Stored items from a collection:
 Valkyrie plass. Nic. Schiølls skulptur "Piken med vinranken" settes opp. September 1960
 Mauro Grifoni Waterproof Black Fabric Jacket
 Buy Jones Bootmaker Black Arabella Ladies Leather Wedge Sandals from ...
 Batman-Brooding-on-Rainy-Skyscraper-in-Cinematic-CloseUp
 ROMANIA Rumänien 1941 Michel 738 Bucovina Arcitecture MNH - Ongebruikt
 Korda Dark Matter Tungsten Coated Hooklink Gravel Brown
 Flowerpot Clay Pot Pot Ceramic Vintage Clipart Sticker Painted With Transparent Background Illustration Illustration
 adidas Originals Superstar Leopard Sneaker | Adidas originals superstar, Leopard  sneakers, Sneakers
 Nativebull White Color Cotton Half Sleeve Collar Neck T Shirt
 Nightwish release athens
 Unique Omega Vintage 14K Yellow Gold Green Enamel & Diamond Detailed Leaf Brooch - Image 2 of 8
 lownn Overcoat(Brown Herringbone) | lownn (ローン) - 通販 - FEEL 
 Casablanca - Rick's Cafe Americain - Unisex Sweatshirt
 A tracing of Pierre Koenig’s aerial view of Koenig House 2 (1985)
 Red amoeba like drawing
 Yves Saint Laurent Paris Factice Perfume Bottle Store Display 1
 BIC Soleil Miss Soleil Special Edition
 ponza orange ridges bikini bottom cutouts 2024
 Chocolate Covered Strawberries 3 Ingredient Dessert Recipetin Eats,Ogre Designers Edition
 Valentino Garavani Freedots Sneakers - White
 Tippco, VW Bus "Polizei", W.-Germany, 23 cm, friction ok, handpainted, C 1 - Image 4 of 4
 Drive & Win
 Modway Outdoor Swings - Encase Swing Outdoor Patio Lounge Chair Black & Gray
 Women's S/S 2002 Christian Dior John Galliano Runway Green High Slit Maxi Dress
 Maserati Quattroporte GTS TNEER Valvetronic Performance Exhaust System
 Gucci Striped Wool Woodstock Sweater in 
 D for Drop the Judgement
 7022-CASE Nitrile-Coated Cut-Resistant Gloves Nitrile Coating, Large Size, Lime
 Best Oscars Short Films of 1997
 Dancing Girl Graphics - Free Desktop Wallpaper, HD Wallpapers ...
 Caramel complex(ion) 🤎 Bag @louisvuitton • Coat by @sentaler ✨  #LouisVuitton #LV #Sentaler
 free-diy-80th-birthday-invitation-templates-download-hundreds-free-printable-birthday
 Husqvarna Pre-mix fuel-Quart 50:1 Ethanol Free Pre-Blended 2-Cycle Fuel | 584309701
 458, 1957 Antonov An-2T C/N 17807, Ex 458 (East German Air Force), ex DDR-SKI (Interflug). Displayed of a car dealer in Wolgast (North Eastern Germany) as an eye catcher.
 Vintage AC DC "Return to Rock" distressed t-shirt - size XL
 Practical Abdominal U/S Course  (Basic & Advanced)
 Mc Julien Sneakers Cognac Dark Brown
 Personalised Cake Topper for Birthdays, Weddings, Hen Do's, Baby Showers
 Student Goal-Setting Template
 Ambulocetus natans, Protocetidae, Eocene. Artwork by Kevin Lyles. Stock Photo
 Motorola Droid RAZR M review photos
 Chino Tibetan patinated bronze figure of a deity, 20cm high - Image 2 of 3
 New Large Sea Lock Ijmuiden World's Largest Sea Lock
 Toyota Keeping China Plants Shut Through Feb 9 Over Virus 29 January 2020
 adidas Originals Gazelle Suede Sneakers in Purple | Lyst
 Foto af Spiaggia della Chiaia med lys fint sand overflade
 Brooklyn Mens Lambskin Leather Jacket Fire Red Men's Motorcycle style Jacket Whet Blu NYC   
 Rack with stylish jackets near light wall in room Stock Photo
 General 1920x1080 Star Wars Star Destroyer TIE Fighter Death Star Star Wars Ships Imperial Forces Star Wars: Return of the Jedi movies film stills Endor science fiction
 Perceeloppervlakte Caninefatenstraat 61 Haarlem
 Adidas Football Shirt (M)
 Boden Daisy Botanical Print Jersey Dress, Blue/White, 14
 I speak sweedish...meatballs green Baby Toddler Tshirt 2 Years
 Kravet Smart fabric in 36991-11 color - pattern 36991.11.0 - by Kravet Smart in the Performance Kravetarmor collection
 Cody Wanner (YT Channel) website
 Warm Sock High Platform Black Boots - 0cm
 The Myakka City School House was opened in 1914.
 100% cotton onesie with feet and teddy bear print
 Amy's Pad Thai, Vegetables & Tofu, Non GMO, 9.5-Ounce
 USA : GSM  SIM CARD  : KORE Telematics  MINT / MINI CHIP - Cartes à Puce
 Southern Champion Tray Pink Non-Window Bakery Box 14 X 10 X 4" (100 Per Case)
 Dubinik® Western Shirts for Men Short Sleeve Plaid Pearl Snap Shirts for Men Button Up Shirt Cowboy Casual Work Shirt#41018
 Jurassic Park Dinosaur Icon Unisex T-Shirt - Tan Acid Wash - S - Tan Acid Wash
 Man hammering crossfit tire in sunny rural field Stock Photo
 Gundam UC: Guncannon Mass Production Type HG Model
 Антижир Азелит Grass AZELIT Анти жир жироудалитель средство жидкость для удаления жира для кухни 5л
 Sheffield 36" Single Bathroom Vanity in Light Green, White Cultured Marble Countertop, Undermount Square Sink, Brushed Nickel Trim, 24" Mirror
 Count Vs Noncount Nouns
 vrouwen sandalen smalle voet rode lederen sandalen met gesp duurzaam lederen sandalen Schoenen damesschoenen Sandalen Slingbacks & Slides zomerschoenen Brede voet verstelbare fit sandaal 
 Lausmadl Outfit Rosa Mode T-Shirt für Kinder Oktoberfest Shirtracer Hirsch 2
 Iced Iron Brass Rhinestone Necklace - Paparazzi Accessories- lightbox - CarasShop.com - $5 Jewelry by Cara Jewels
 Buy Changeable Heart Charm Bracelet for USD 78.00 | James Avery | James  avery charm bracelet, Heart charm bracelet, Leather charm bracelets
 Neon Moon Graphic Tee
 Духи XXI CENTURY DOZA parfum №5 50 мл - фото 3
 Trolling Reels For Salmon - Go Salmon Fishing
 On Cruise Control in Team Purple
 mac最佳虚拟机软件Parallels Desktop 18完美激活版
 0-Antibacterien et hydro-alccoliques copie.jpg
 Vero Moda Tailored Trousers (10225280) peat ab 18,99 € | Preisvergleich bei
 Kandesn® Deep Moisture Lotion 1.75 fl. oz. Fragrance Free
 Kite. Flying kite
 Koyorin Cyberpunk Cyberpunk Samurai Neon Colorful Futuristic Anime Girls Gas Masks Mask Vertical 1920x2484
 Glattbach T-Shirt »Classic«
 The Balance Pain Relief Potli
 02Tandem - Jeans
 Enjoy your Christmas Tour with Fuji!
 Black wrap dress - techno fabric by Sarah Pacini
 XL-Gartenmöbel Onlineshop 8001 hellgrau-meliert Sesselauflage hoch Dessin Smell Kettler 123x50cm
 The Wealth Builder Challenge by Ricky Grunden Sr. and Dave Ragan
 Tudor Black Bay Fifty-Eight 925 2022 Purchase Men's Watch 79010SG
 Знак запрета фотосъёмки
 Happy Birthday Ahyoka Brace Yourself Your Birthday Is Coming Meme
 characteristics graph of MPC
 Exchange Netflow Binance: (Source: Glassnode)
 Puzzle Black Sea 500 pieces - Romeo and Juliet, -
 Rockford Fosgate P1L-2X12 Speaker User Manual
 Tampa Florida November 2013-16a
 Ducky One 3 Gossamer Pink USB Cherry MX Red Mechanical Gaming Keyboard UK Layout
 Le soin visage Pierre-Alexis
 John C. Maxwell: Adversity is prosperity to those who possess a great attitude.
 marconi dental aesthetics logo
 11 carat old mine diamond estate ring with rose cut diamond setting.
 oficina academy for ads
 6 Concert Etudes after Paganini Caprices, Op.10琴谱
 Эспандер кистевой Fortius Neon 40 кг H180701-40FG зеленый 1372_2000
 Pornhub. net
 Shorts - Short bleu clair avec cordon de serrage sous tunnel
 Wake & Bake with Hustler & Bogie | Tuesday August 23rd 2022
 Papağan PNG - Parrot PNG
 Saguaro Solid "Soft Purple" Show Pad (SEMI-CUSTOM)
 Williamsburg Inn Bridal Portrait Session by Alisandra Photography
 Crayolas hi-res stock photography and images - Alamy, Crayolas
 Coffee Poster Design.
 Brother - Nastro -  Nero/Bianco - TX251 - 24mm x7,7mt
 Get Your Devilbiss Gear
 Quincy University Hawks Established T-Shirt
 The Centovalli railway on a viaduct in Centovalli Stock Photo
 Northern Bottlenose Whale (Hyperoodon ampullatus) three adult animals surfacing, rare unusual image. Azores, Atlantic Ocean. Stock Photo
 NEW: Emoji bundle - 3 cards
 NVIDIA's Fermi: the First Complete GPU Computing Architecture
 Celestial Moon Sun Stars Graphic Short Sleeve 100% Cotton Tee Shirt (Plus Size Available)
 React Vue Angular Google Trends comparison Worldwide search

◆ **INSTRUCTIONS TO FOLLOW**
Each line above that has the word "Sneakers" must be copied.

◆ **EXERCISE RESULT**
 adidas Originals Superstar Leopard Sneaker | Adidas originals superstar, Leopard  sneakers, Sneakers
 Valentino Garavani Freedots Sneakers - White
 Mc Julien Sneakers Cognac Dark Brown
 adidas Originals Gazelle Suede Sneakers in Purple | Lyst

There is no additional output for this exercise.